That's perfectly understandable. I will ping a few folks in case the want to add something on the prospect of debugging MPI with GUI in Visual Studio Code @alalazo @bangerth @tjhei @BarrySmith @tgamblin @goxberry @jthies .

@goxberry
Copy link

Thanks for the ping @davydden!

I agree with both of the statements @davydden mentioned re: market:

VS Code could attract a fair amount of computational scientists with this feature as not all universities have licenses for dedicated commercial debuggers, that cost upwards from around 700$. It's probably also not something an individual would buy himself.

and scoping a "parallel debugging" feature:

up to 4-8 processes, which is often enough to find bugs in MPI programs

The two most important things that make dedicated commercial debuggers (e.g., TotalView) easier to use are:

  • a single window can toggle over each MPI process
  • the current active process number is prominently labeled

It's possible to do many of the same sorts of things that these debuggers do by spawning multiple debugger instances in separate windows, but it's a kludgy setup that tends to reduce productivity because a user has to spend time figuring out which context (i.e., which window) they want to operate on.

If VS Code were able to toggle among MPI processes in a single window and display the appropriate debugging info, it would be a killer feature for developers who don't have access to dedicated commercial debuggers, and it would make it easier to demo and explain to beginners how to debug parallel programs that use MPI.

@pramodk
Copy link

pramodk commented Mar 27, 2018

VS Code could attract a fair amount of computational scientists with this feature as not all universities have licenses for dedicated commercial debuggers, that cost upwards from around 700$. It's probably also not something an individual would buy himself.

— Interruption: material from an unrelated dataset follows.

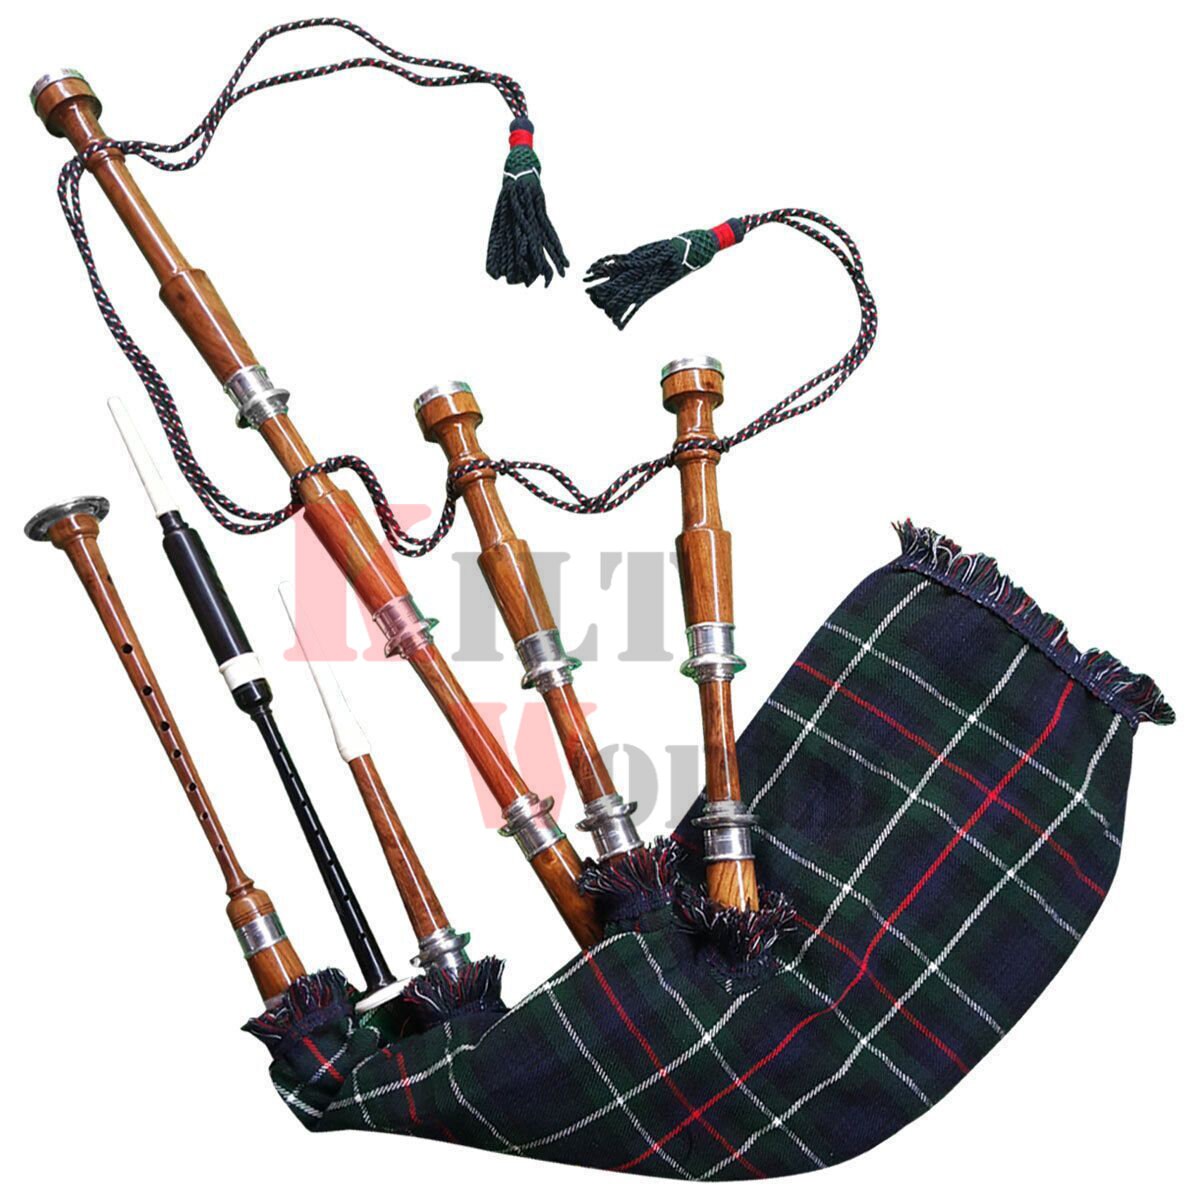 Full size Rosewood Bagpipe Mackenzie Silver Plain Mounts Natural Color Scottish Highland Bagpipes with accessories

I agree with @davydden. We pay lot of money for site licenses of parallel debuggers. Often it's sufficient for many users to debug with few mpi processes. If parallel debugging feature will be available, me (and my colleagues) will definitely give a try!

@fouriaux
Copy link

That will be a very practical feature for daily use before jumping to more sophisticated debuggers.

@jsquyres
Copy link

Have you talked to the Microsoft HPC/MPI developers? I thought they developed exactly this kind of functionality (on the MPI side) several years ago. I could be wrong -- I don't follow the Microsoft side of HPC very much. Best to check with them to see exactly what they did.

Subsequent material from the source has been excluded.